Watson is No. 80 by Maxpreps in its 2012 Top 100 baseball players list. DeJong, on the other hand, is no slouch. The right-hander is ranked No. 86.
DeJong got the better of Watson in a 3-0 victory in nine innings. Still, Watson went the distance in the loss, refusing to give an inch. While things didn't necessarily work out for him, Watson doesn't plan on changing his approach to the game anytime soon.
His towering frame is an asset and using that size to overpower opponents comes naturally. Watson has been doing it for so long, he knows no other way.
Wins in seven of nine starts thus far and an earned run average hovering around 1.00 are indications Watson has figured out a formula that works well.
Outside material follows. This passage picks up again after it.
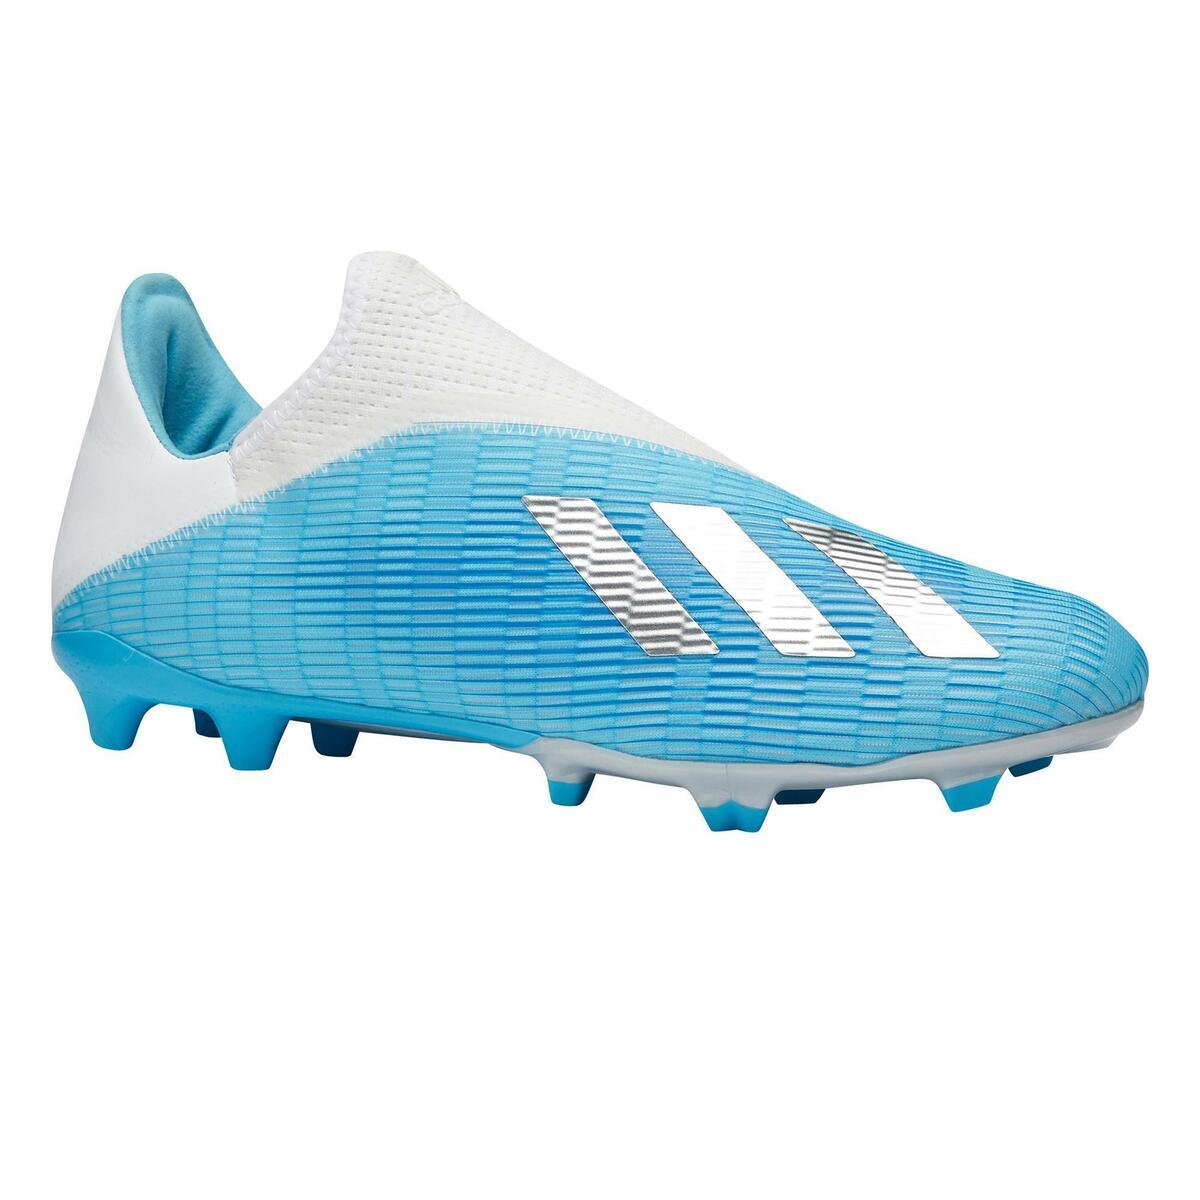 Bild 1 von Fussballschuhe Nocken X 19.3 Laceless FG Erwachsene blau

"Shane is the most competitive player I know, he doesn't like losing. Not at all,'' Lakewood teammate J.P. Crawford said. "Some people are born with that desire, he's one of them. He gets the job done. We always feel like we can win with him on the mound.''
The Lancers have, in fact, been in a favorable position to win with Watson on the bump for the better part of the last three years on the varsity level.
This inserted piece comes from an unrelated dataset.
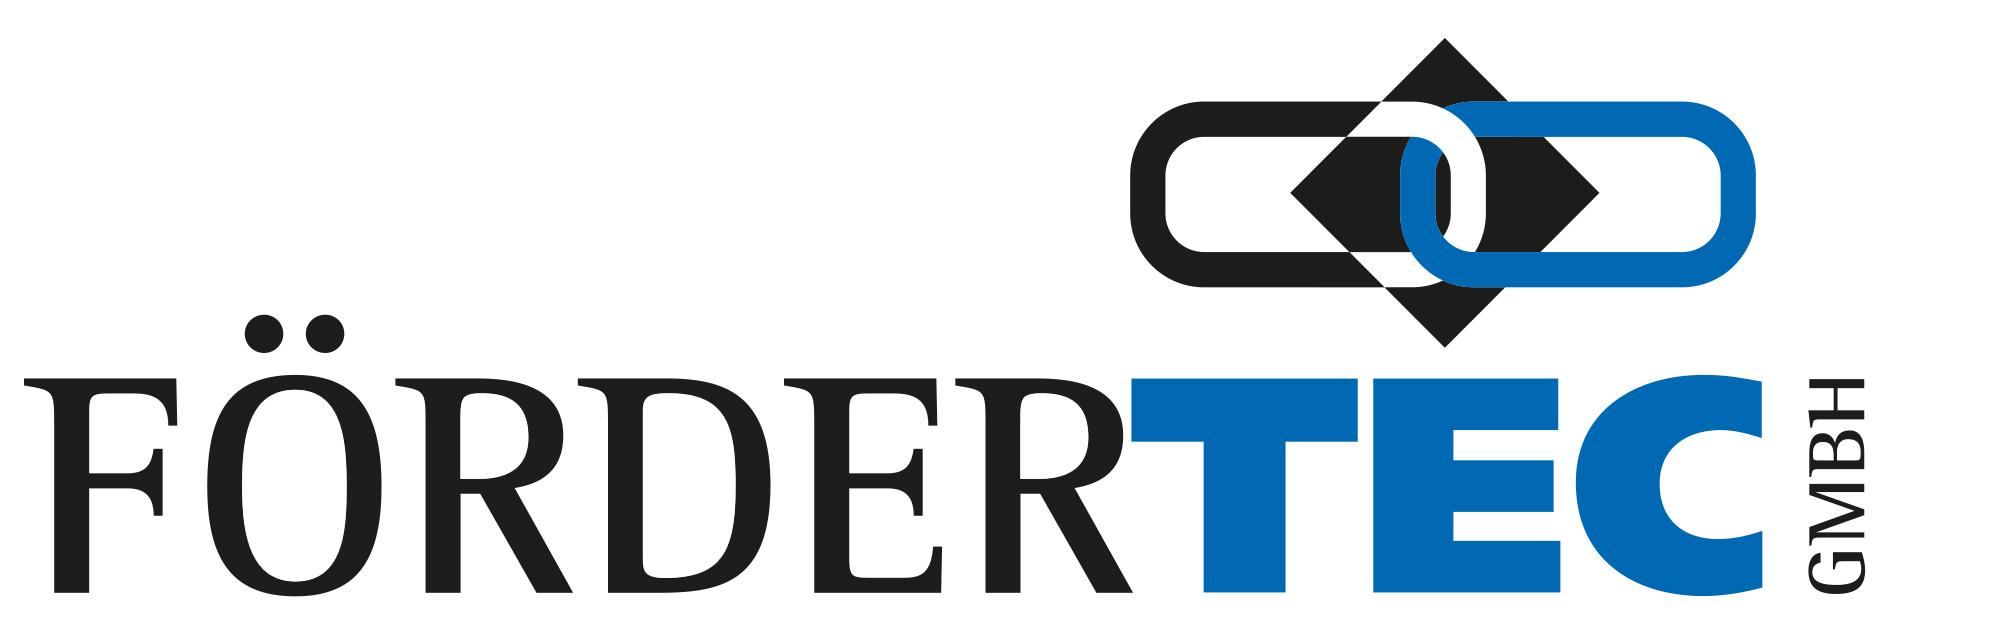 FörderTec GmbH

He opened plenty of eyes as a sophomore. Eight wins in 13 appearances and a 1.34 ERA were obvious signs of the immense upside within Watson.
An encore effort as junior followed. As the ace of the staff for Lakewood, he had 10 victories and 1.16 ERA. The crowning achievement for Watson was win against highly-touted Henry Owens of Edison (Huntington Beach, Calif.) during postseason play. Owens ended up being selected in the 2011 MLB Draft, No. 36 over by the Boston Red Sox.
Watson's high school days, however, are coming to end. Sooner, rather later, that is. Worth mentioning is the fact that he could be heading in the same direction as Owens should he decide to forgo college life and choose a path in the professional ranks.
"I get phone calls about Shane from different MLB organizations all of the time,'' O'Neil said. "He has a bright future ahead of him, I can tell that much.''
In the meantime, it's business as usual for Watson.
"I never would have thought I'd be in this kind of position, with a chance to go to my dream school USC or maybe play in the big leagues,'' he said. "As for my decision, I'm not sure yet. I have heard that I could be a first-round pick or a second-round pick.
I had some personal goals this season and I'm close to achieving them. Bottom line, baseball is a team game, I'm more concerned with helping the guys around me win. The individual stuff, the stuff people say, all the hype, I don't worry about those things.''
One thing is fairly certain: Opponents worry about Watson when he steps on the mound. His presence, along with his reputation, certainly precedes him.